▶ Provided records
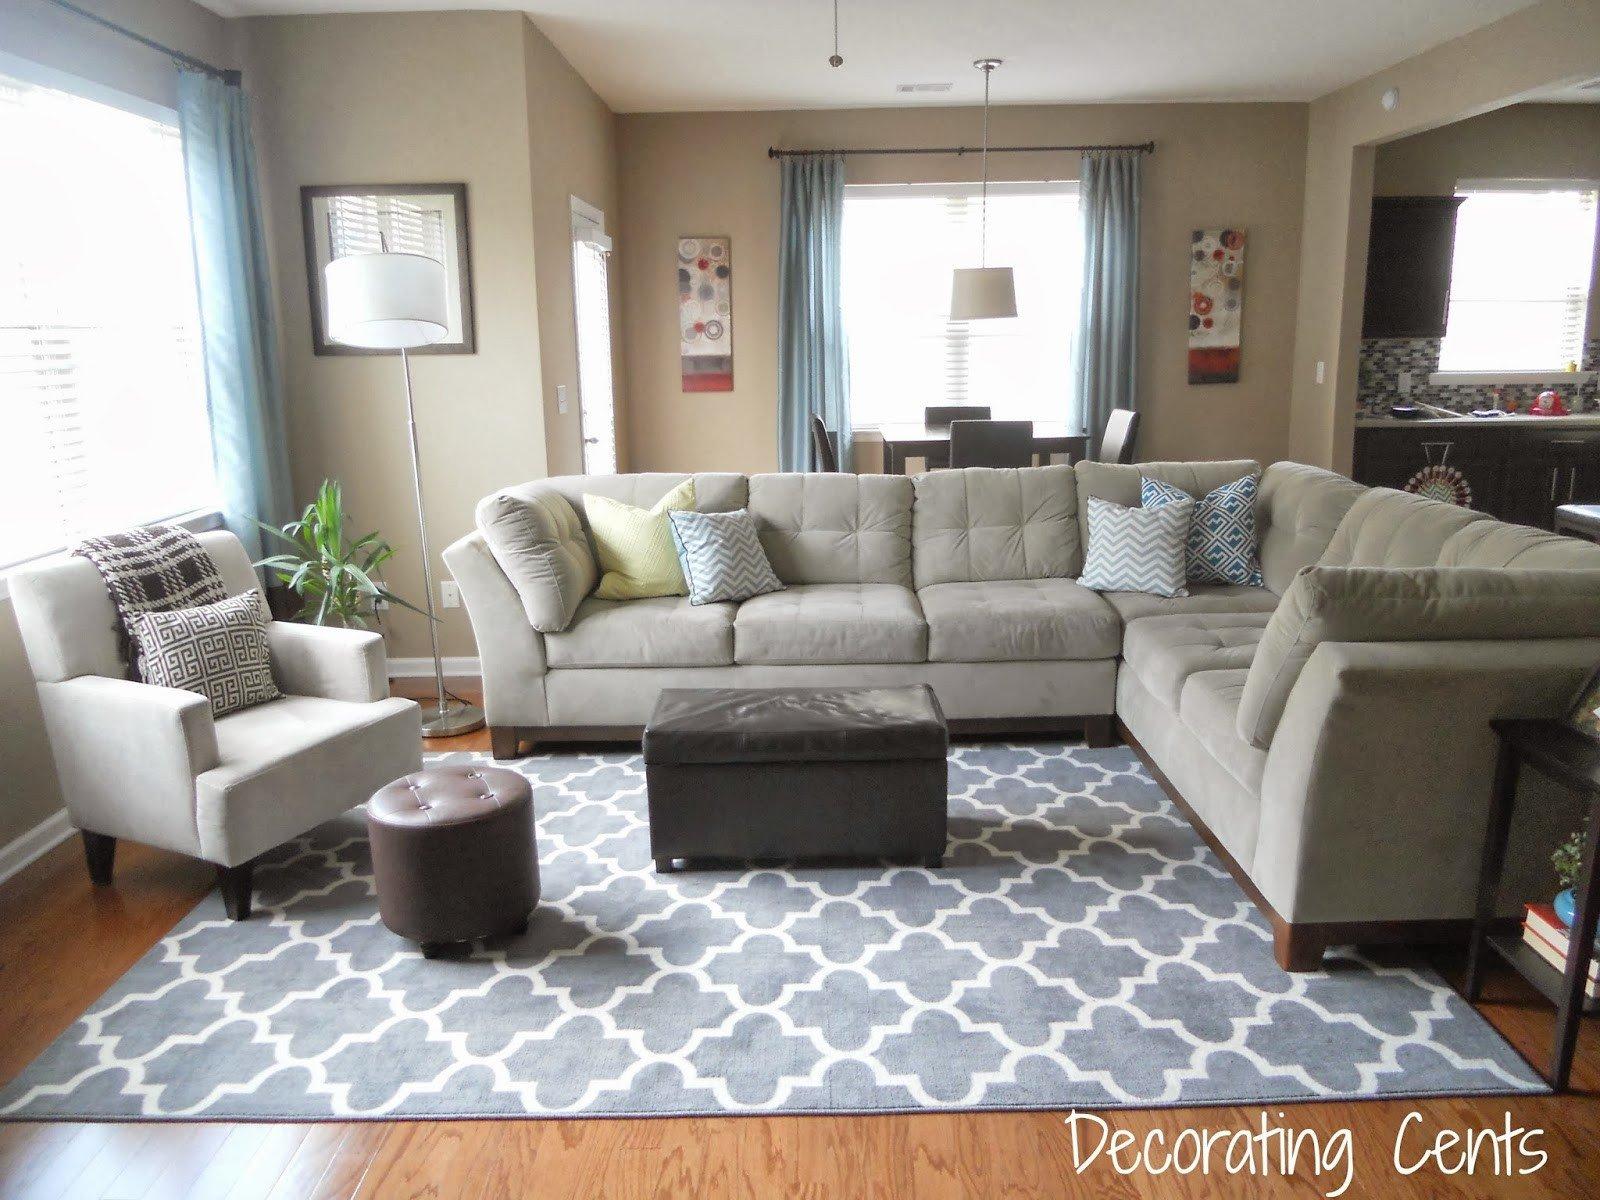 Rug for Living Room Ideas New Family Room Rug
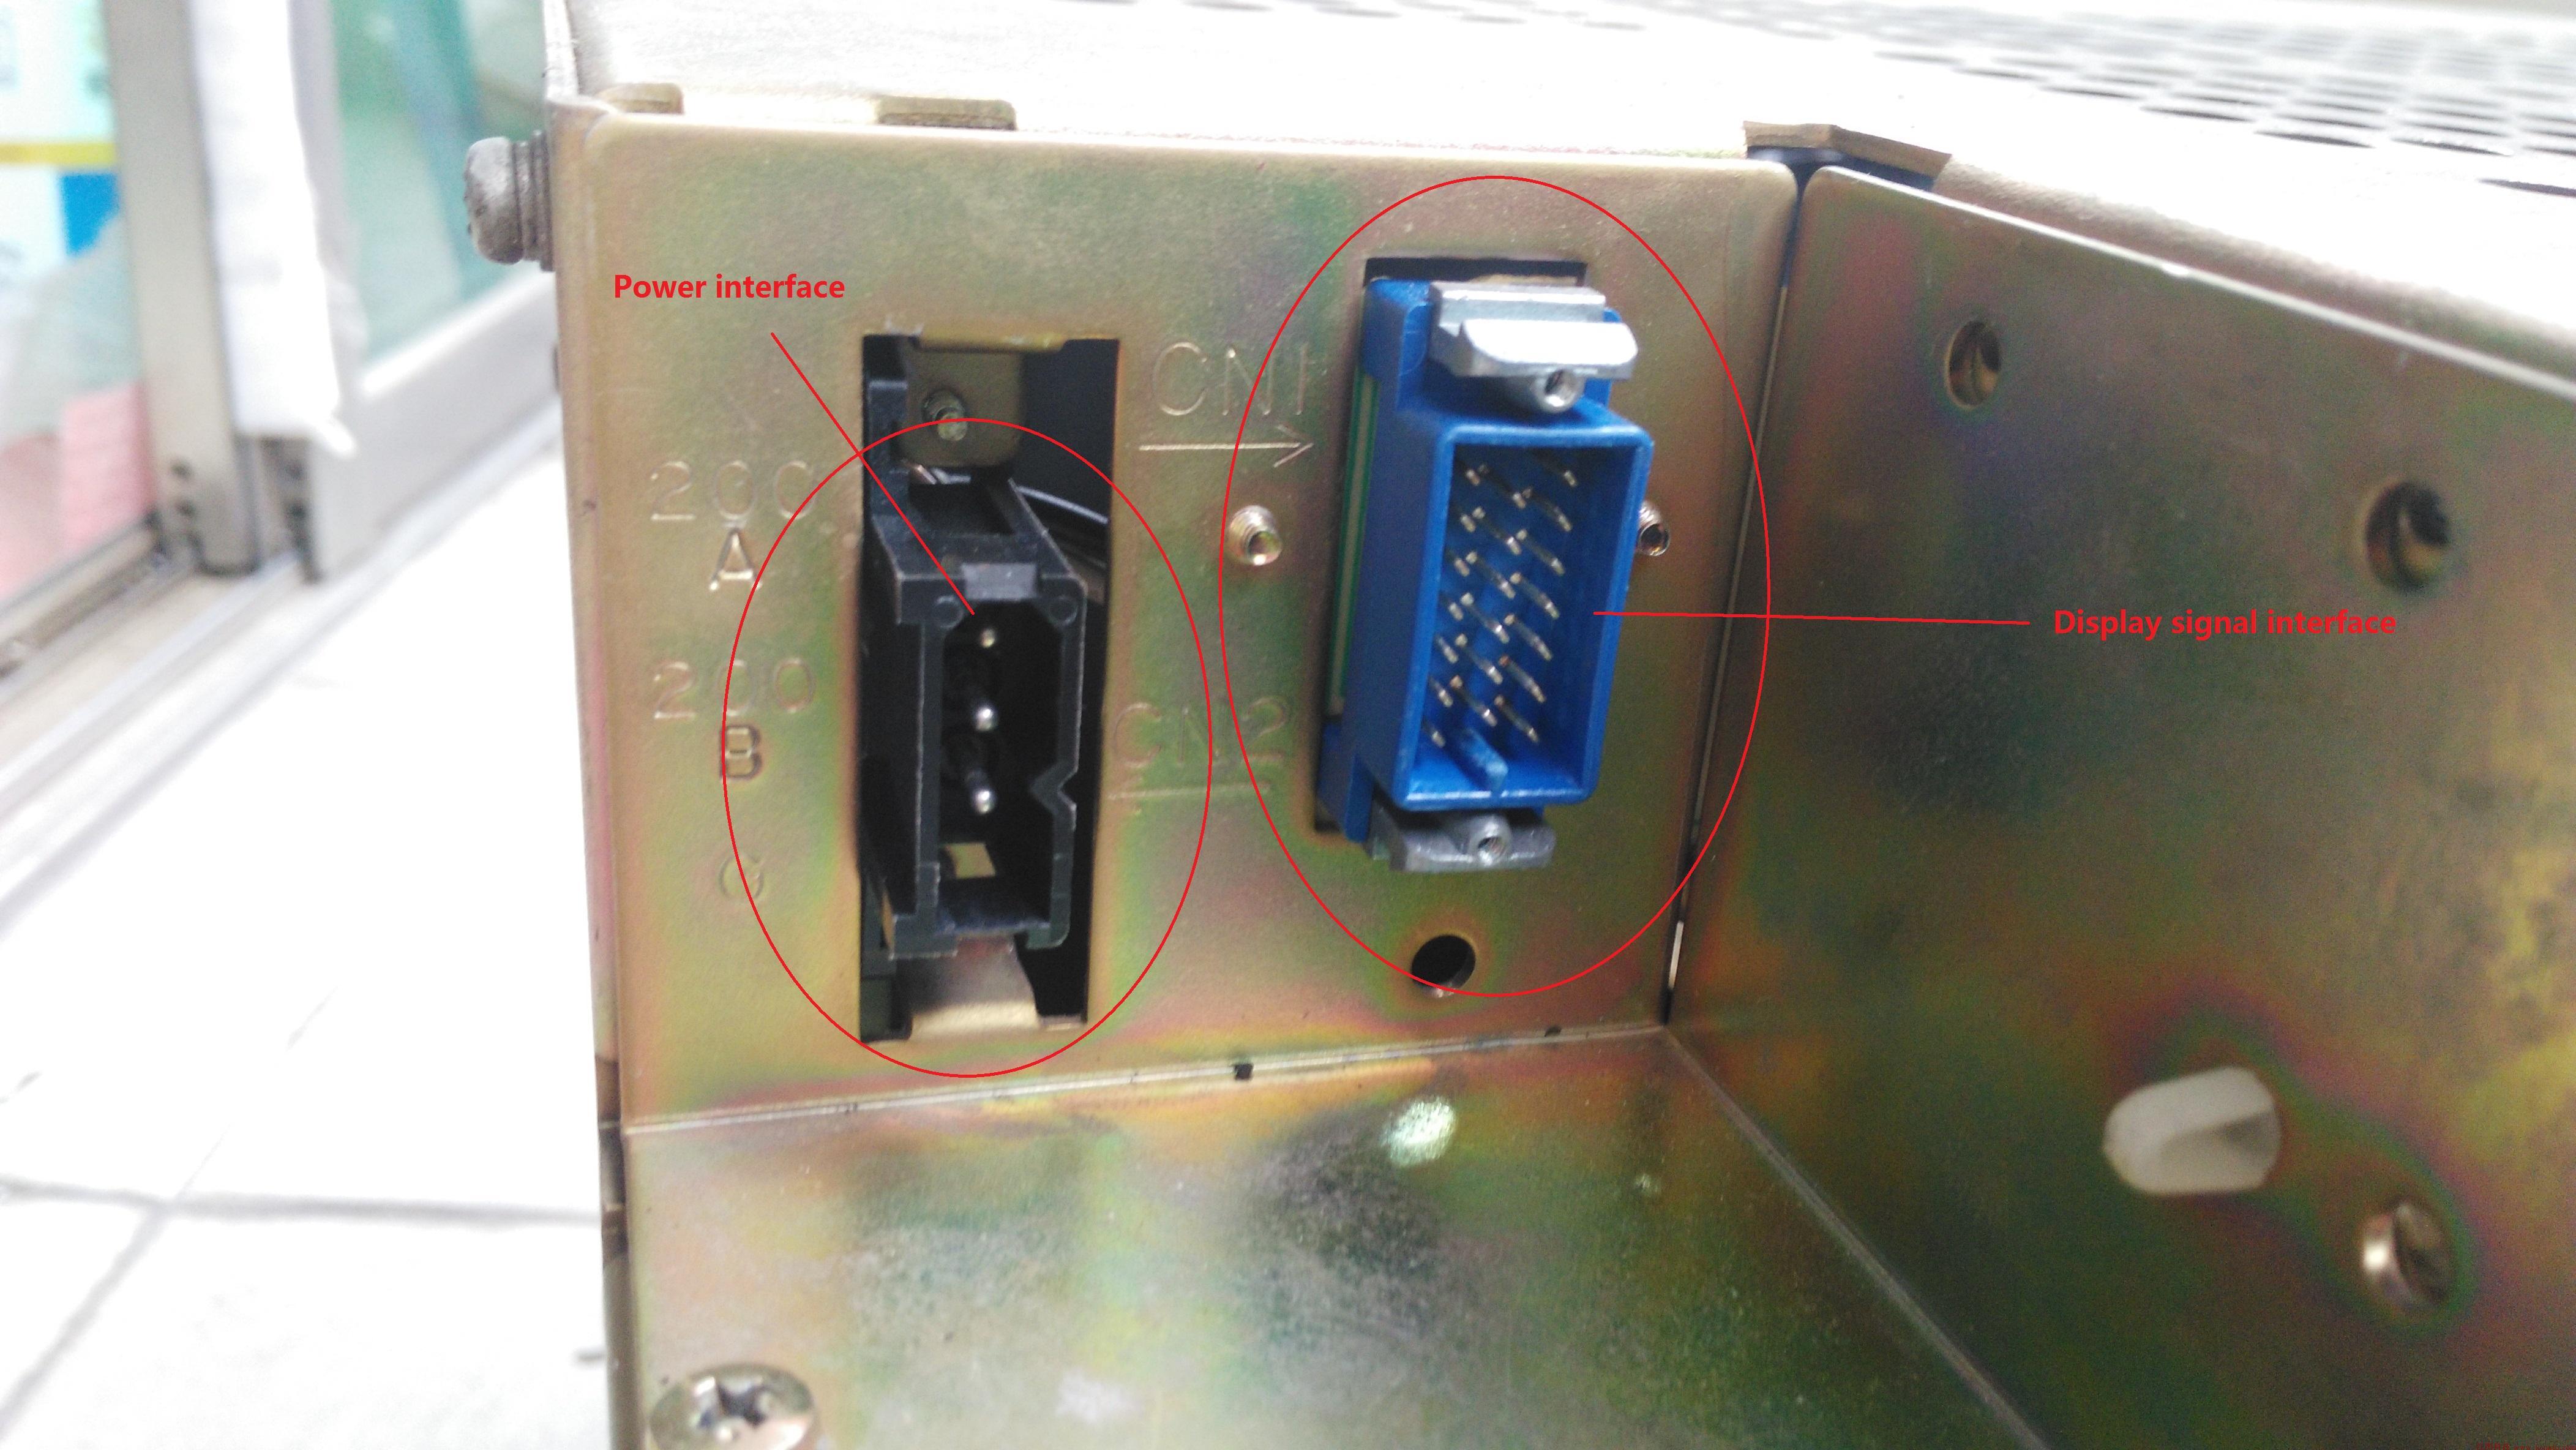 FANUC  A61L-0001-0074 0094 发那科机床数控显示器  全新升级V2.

* * *

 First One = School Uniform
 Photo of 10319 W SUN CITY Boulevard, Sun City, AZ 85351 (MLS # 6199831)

▶ Brief
While skipping the pictures, transcribe the data above from the line showing "Rug for Living" through the line showing "A61L-0001-0074 0094 发那科机床数控显示器", exactly and with both ends.

▶ Answer to this problem
 Rug for Living Room Ideas New Family Room Rug
 FANUC  A61L-0001-0074 0094 发那科机床数控显示器  全新升级V2.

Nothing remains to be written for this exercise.